On the other hand, it's organized to schedule on different fleets by editing the hostRequirements
of
each step, or add task parallelism
to a step that can be split up into many identical tasks.
The right job structure will depend on how you use the job. Here are some more directions you might take it:
- One job to extract frames and solve Structure-from-Motion. A second job that trains the Gaussian Splatting.

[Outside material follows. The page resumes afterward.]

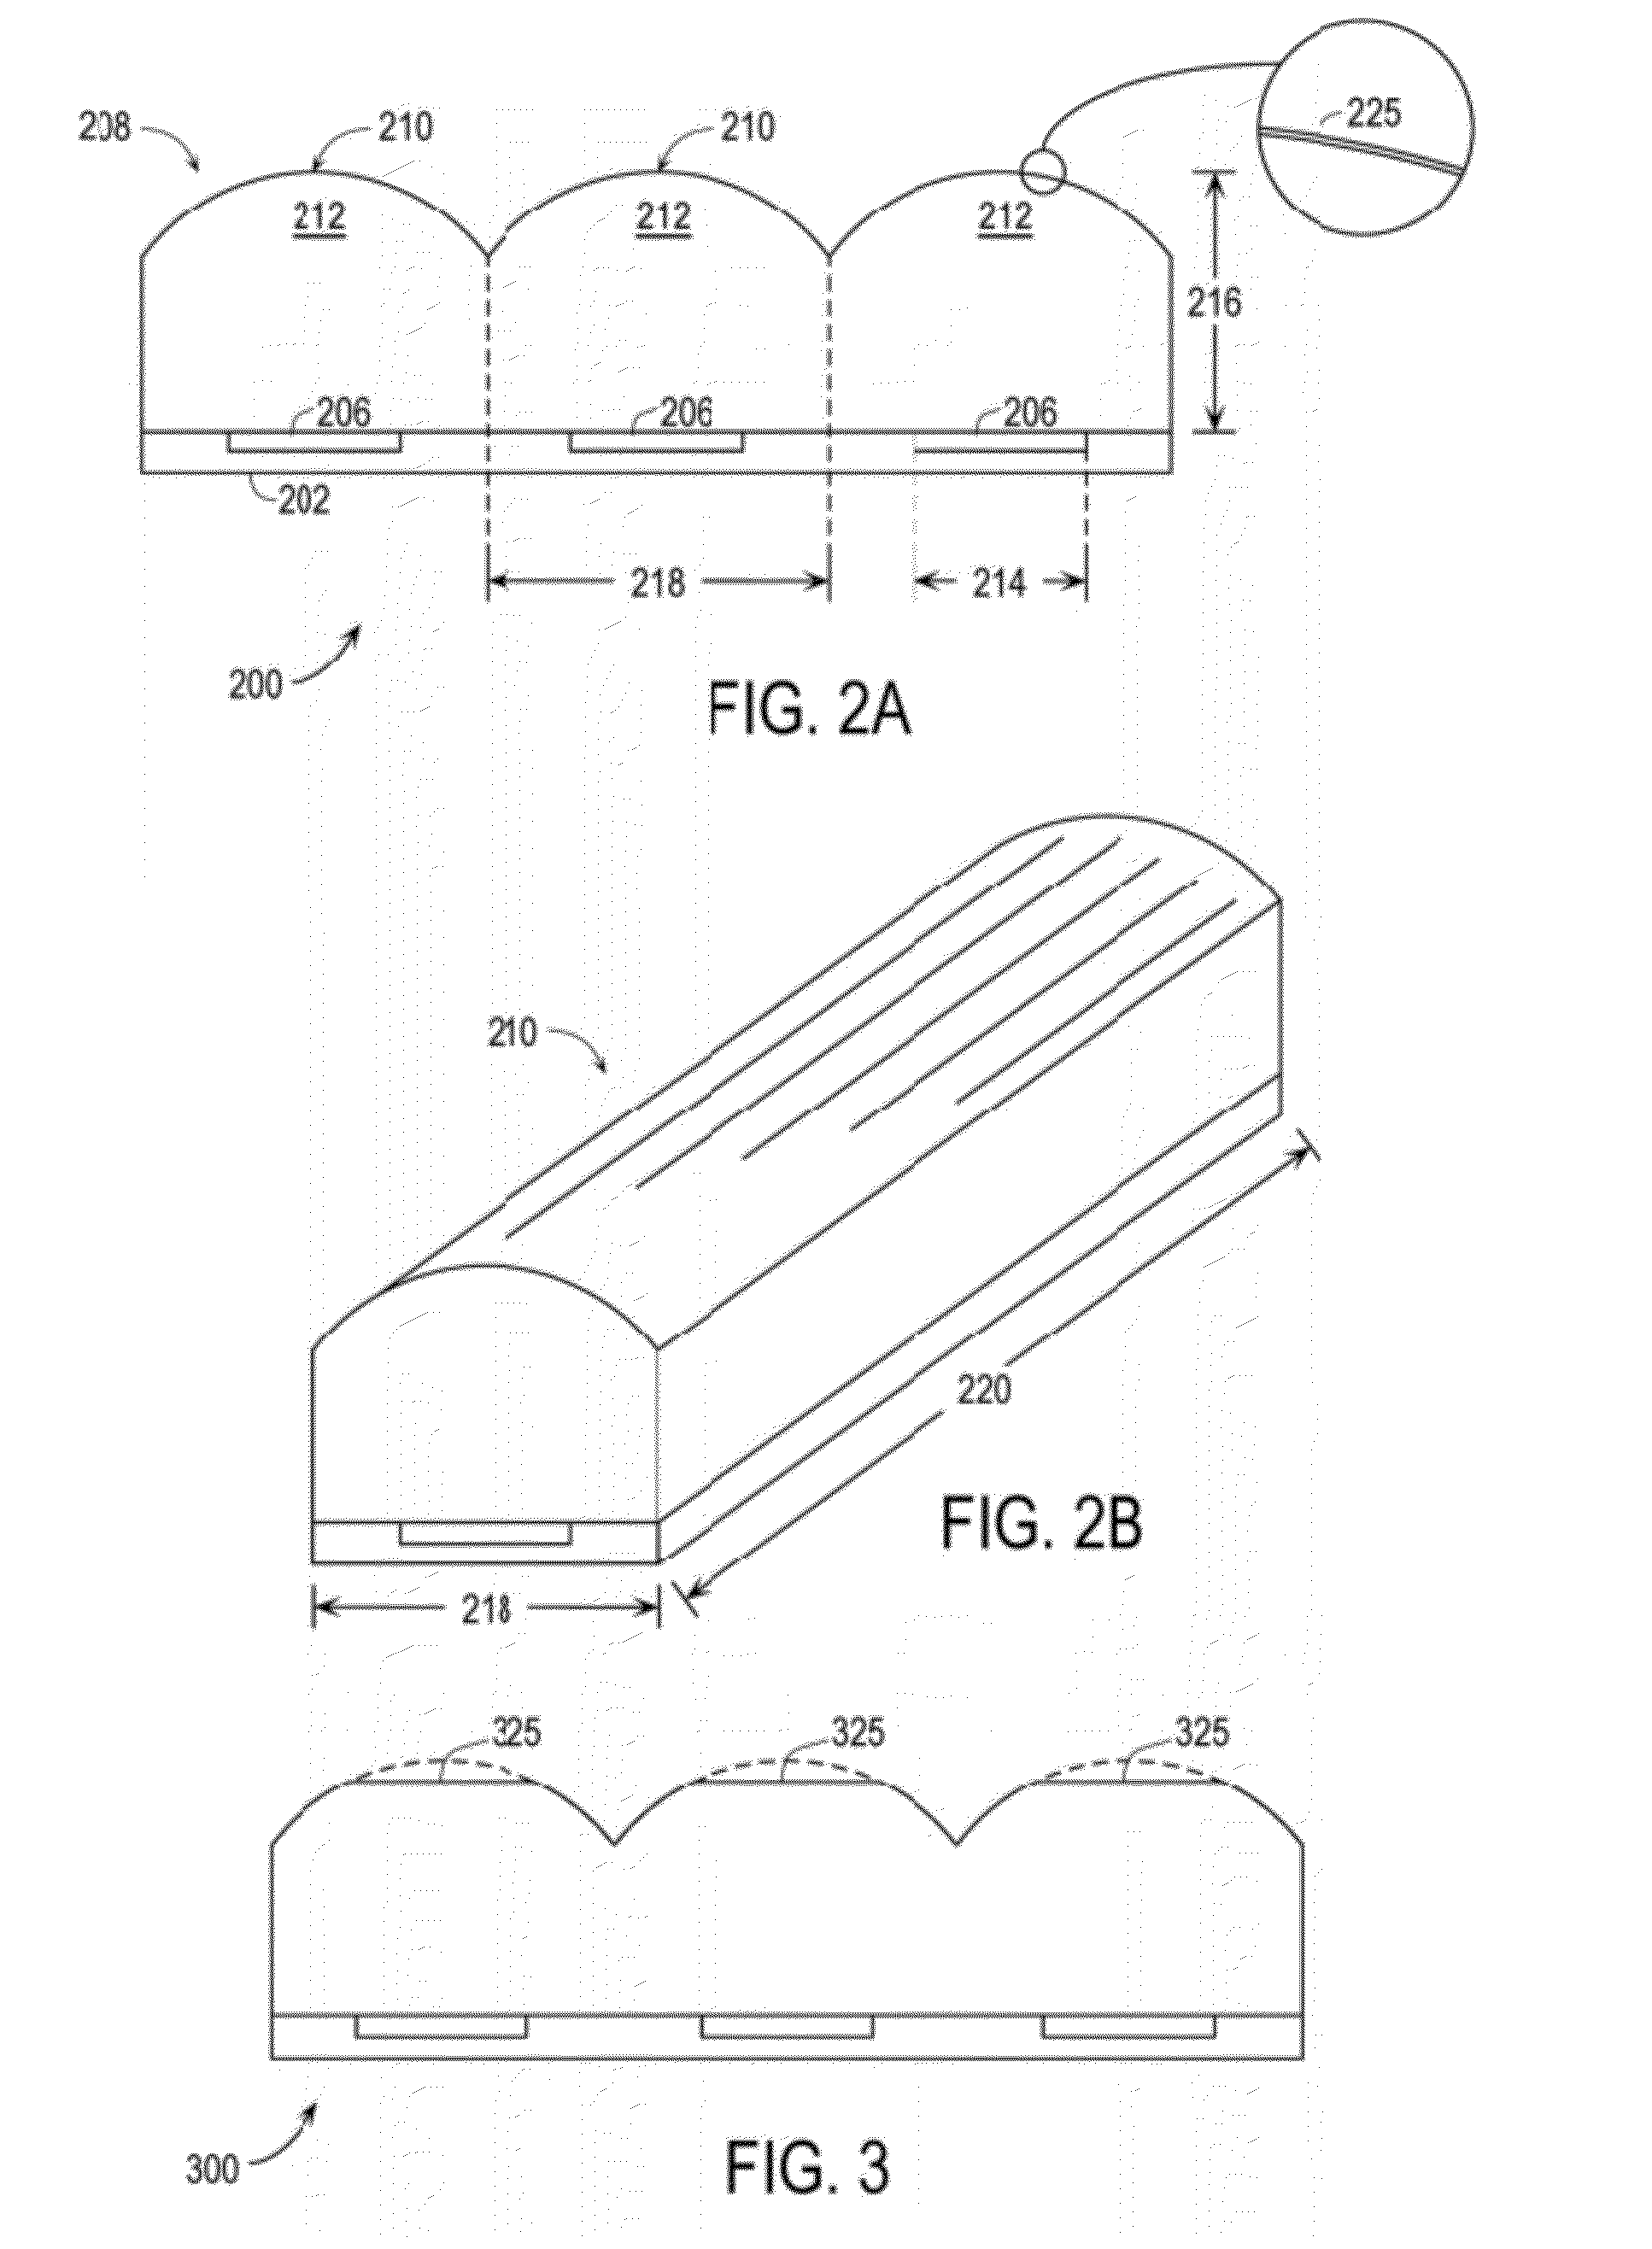 High impact and load bearing solar glass for a concentrated large area solar module and method

With this structure, you can preprocess into camera poses once, after which you iteratively try different variations of Gaussian Splatting parameters.
- A job to train Gaussian Splatting that optionally starts from an existing workspace, and continues training it. This way, you can run one job to train initial lower quality versions, and then select the best candidates for continued training after visually inspecting them.
- Add steps between frame extraction and Structure-from-Motion that removes blurry images from the workspace, calculates masks to remove the background or people, etc.